So predictably, Trump lashed out, tweeting that, “Pfizer & others should be ashamed that they have raised drug prices for no reason… We will respond!”

Trump can threaten all he wants. He figures such posturing looks good to his base. But his ranting simply reveals an inability to accept that delivering on his promise will be much harder than he realized.

Why? Very simply, drug pricing is a Byzantine world.

For starters, when most people talk about drug prices they are usually referring to list, or wholesale, pricing. But consumers with insurance do not actually pay that price. Instead, their out-of-pocket costs are determined by a series of behind-the-scenes deals between drug makers, health plans, and pharmacy benefit managers, which negotiate insurance coverage.

And these deals are predicated on rebates, which are generally tied to list prices. Basically, if list prices rise, so do rebates that flow back to pharmacy benefit managers and health plans, which means there is really no incentive for prices to drop.

“Given the way the system is structured, it’s incredibly difficult, if not impossible, for manufacturers to lower list prices,” explained Adam Fein, who writes the Drug Channels blog. “Unlike a consumer product, where a reduction would just flow through the channel, a reduction here would disrupt an entire system of contracts.”

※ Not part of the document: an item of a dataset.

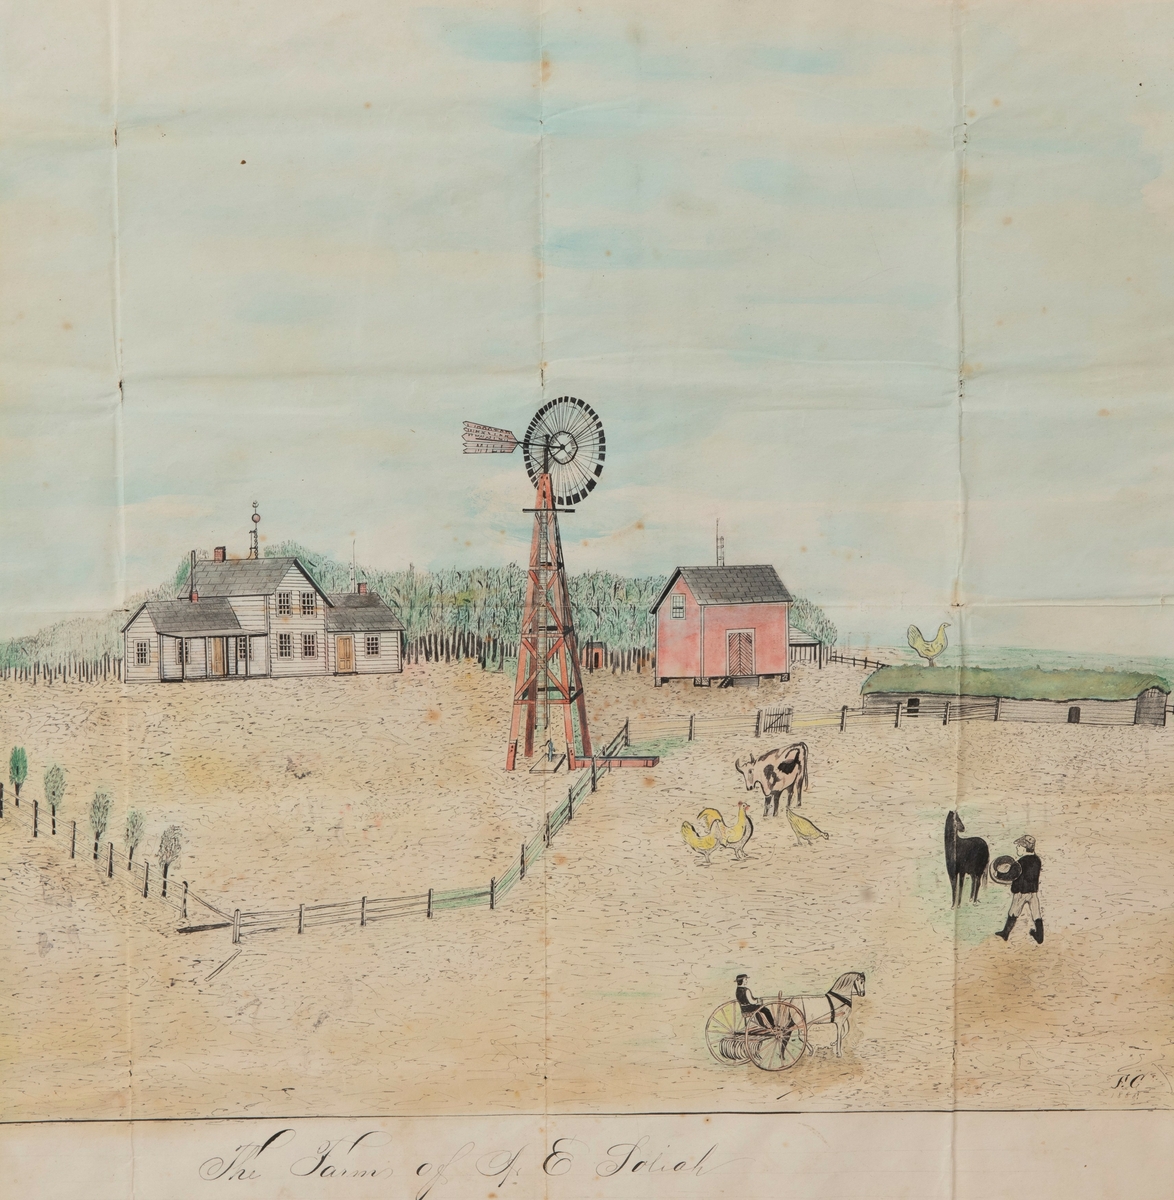 Prospekttegning av A. E. Soliahs farm i Otter Tail County i Minnesota. Penn, blyant og vannfarger på papir. Signert og datert nederst til høyre: F. C. 1888. Bretter i papiret.

“The economics are weird,” he continued, “but the problem is that consumers, in general, are exposed to a phony price that doesn’t reflect real transactions.”

This is not to say the Trump administration is not trying to find a salve.

Over the past few months, his team has released a blueprint that floated various ideas, although none expressly included a dictum that drug companies would lower prices. Instead, there are proposals aimed at rejiggering how government programs might pay for some medicines. Sources say the administration is trying to come up with ways to pass through rebates, but such notions are likely to take months.

Perhaps Trump thought he could make things go quicker by hiring Alex Azar, a former Eli Lilly executive, to head the Health and Human Services Department and, notably, tackle the pricing problem.

Azar, after all, is the consummate insider who understands pricing and rebates all too well.

But that doesn’t mean every drug company will fall in line.

Pfizer chief executive Ian Read has been as resolutely stubborn as Trump, in fact. He regularly argues that the insurance system is to blame. At industry conference after industry conference, he regularly repeats this mantra: “It’s not drug pricing that’s the problem, it’s drug affordability.”

Meanwhile, Pfizer has regularly raised prices — and by large percentages.

In 2016, the company twice raised list prices — once by an average of 10.4 percent and then by 8.8 percent. At this time last year, Pfizer raised list prices for 91 medicines between 5 percent and 13 percent.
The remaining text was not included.